Manuel Bourgeois

Personal information
- Full name: Manuel Bourgeois
- Date of birth: unknown
- Position(s): Striker

Senior career*
- Years: Team / Apps / (Gls)
- 1904–1907: FC Basel / 8+ / (0)

= Manuel Bourgeois =

Swiss footballer

Manuel Bourgeois (date of birth unknown) was a footballer who played as striker on the early 1900s.

==Football career==

Bourgeois joined FC Basel's first team for their 1904–05 season. He played his first game for the club in the friendly match on 12 February 1905. He scored his first goal for his club in the same game in the Landhof as Basel drew 2–2 with French team Mulhouse.

Bourgeois played his domestic league debut for his club in the 1906–07 Swiss Serie A season in the home game on 9 December 1906 as Basel won 3–0 against FC Bern. In this season Basel and Old Boys ended the central group level on points. As it came to the last group game of the season, at home against the Old Boys, Basel were leading the table two points ahead of their opponents. However, in this last match despite a two-goal lead, the goals being scored by Dr. Siegfried Pfeiffer and Max Senn, their local rivals turned the game and won three goals to two.

Subsequently it came to a play-off to see who would advance to the finals. The play-off match was interrupted in the 50th minute due to a storm and following the restart it ended in a 1–1 draw. Thus, it required a reply one week later and this was also drawn 1–1. The teams played 2x 10 minutes extra time, but neither team scored. Therefore, both teams agreed to play a further 15 minutes, but neither team scored. Another week later it then came to a second replay which Basel decided with 4–1 for themselves. Basel advanced to the finals, but were beaten 1–5 by west group winners Servette and 2–3 by east group winners Young Fellows Zürich. Bourgeois played in all these games. Servette won the deciding match and became Swiss champions.

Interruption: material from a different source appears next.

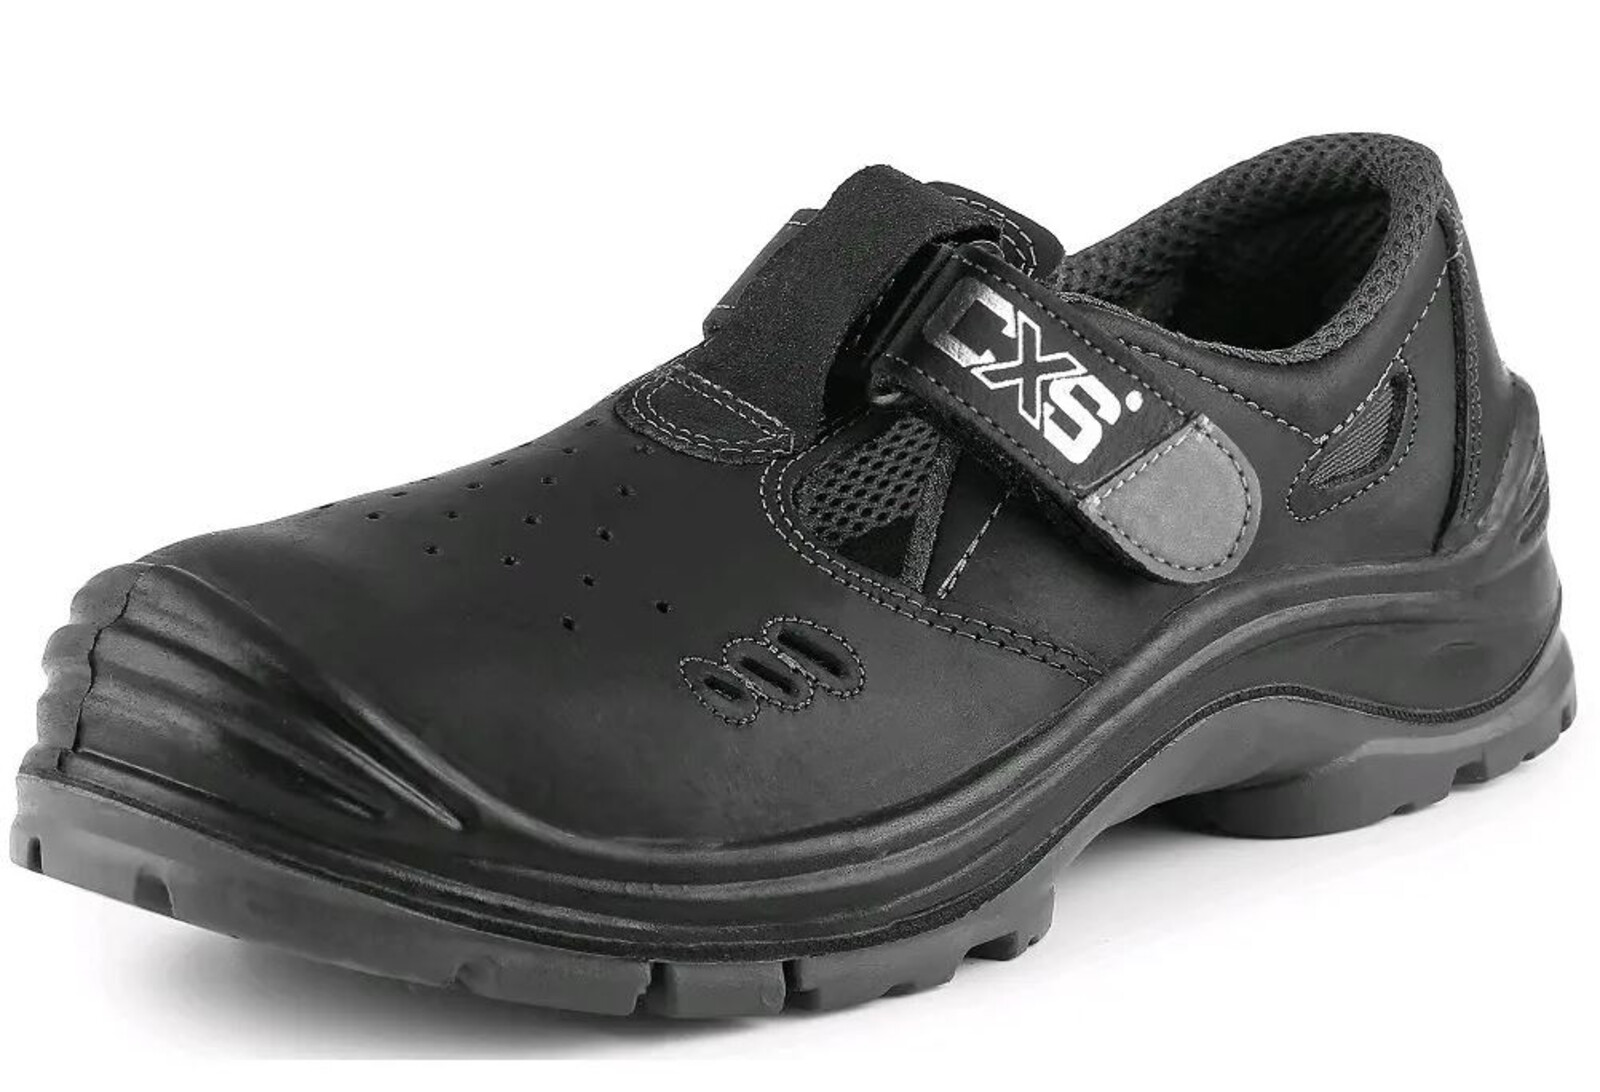 Bezpečnostné sandále CXS Safety Steel Iron S1 - veľkosť: 40, farba: čierna
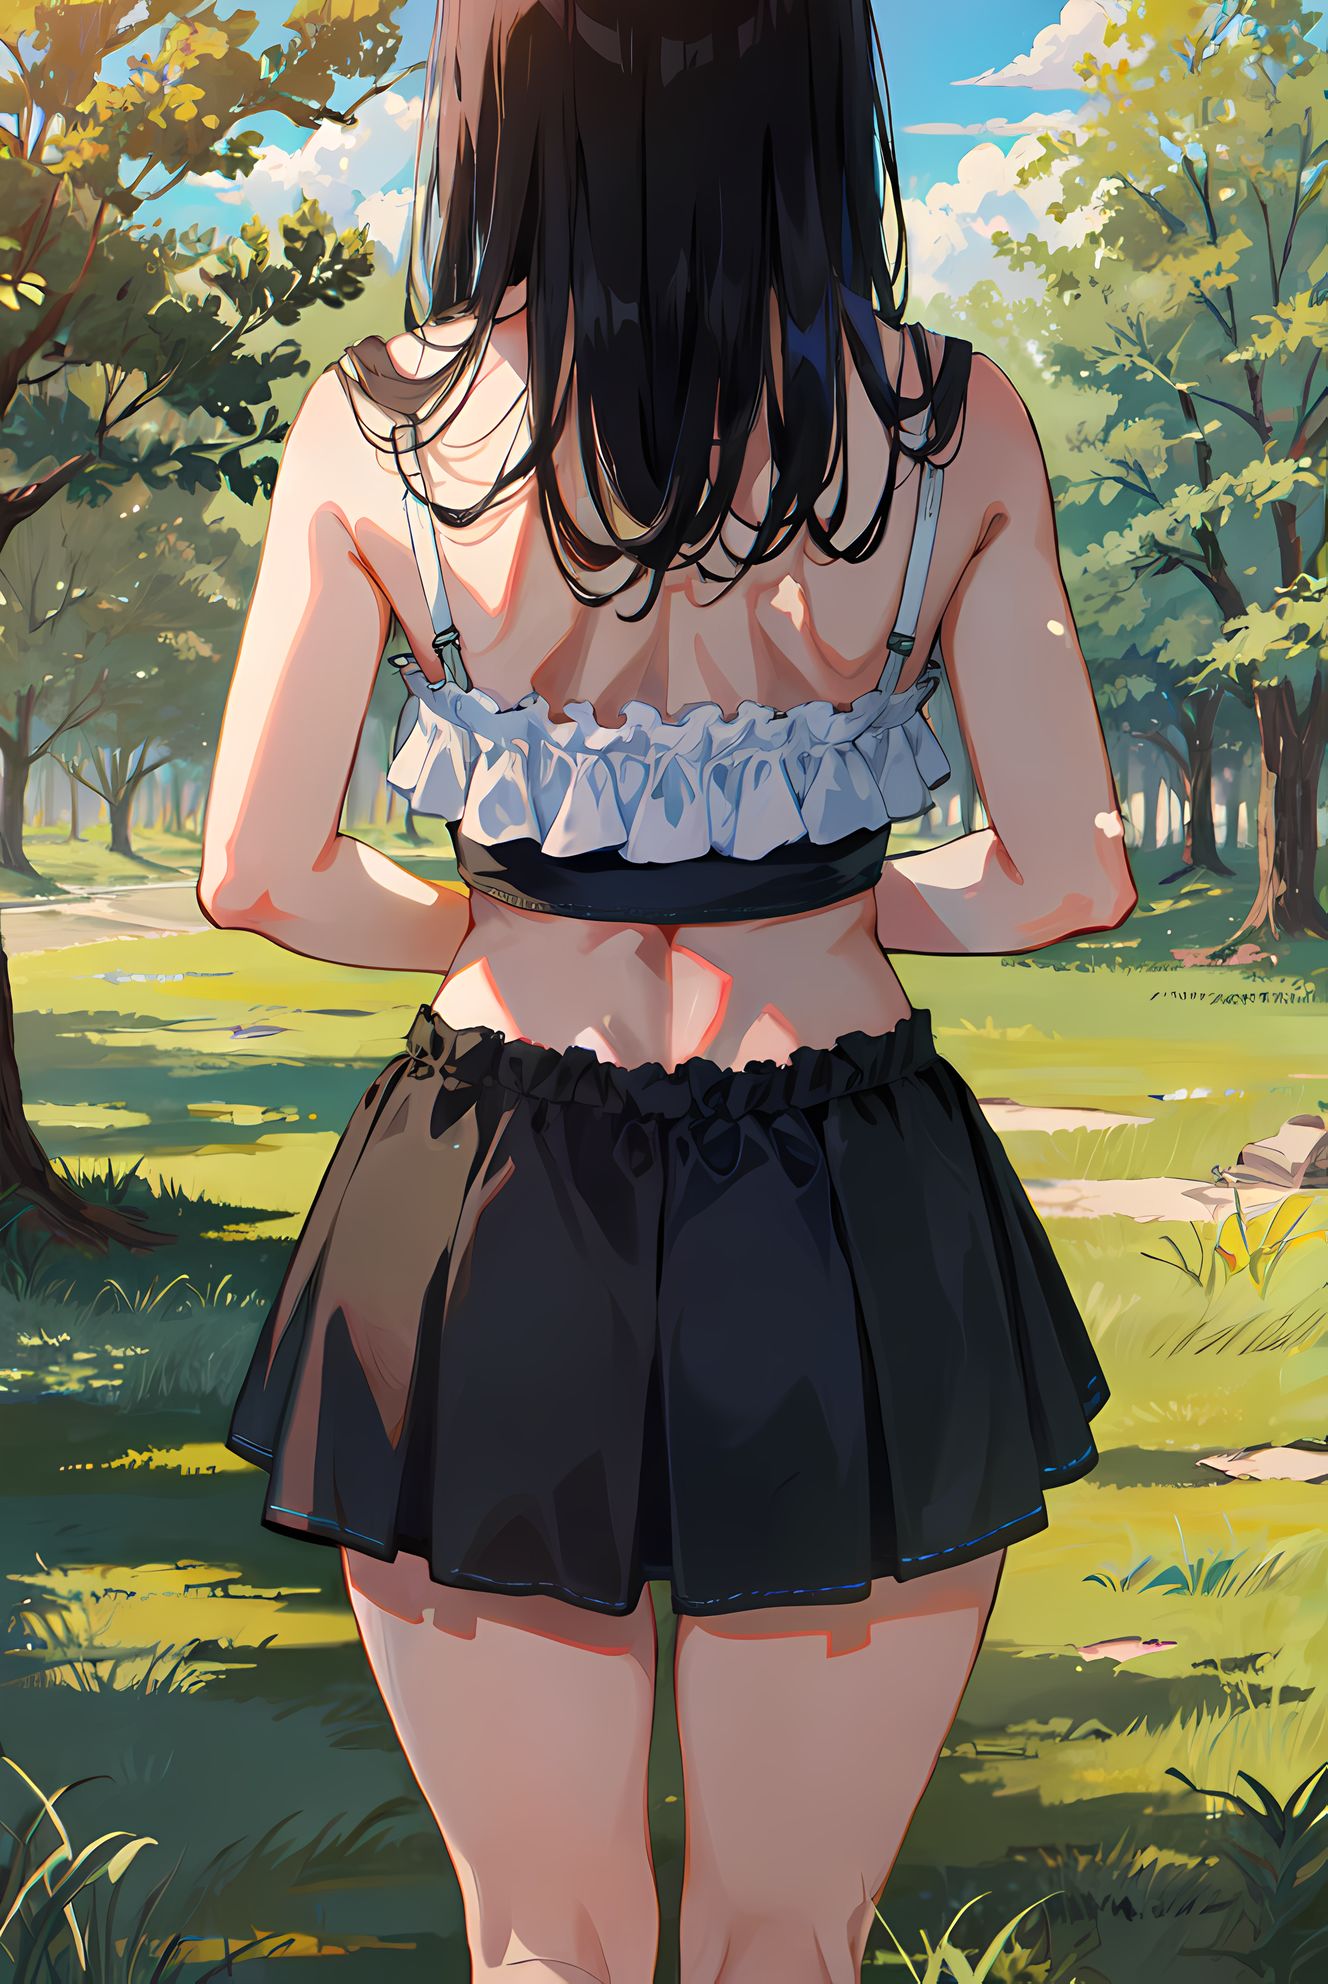 树草天空，长发少女背影下的露臂黑裙与秋叶氤氲间。插画图片壁纸

Bourgeois played for the club for three seasons and played a total of at least 11 games for Basel. (Note: The player lines-ups and goal scorers for 4 of the 6 league games in the 1905–06 season are unknown or incomplete.) (Note: The player lines-ups and goal scorers for 4 of the 8 league games in the 1906–07 season are unknown or incomplete.) Eight of these games were in the Swiss Serie A.

==Noteses==
===Footnotes===

Incomplete league matches 1905–1906 season: FCB-OB, FCB-Bern, YB-FCB, FCB-YB

Incomplete league matches 1906–1907 season: YB-FCB, OB-FCB, FCB-YB, FCB-Aarau

===Sources===
- Rotblau: Jahrbuch Saison 2017/2018. Publisher: FC Basel Marketing AG. ISBN 978-3-7245-2189-1
- Die ersten 125 Jahre. Publisher: Josef Zindel im Friedrich Reinhardt Verlag, Basel. ISBN 978-3-7245-2305-5
- Verein "Basler Fussballarchiv" Homepage
(NB: Despite all efforts, the editors of these books and the authors in "Basler Fussballarchiv" have failed to be able to identify all the players, their date and place of birth or date and place of death, who played in the games during the early years of FC Basel. Most documents are missing.)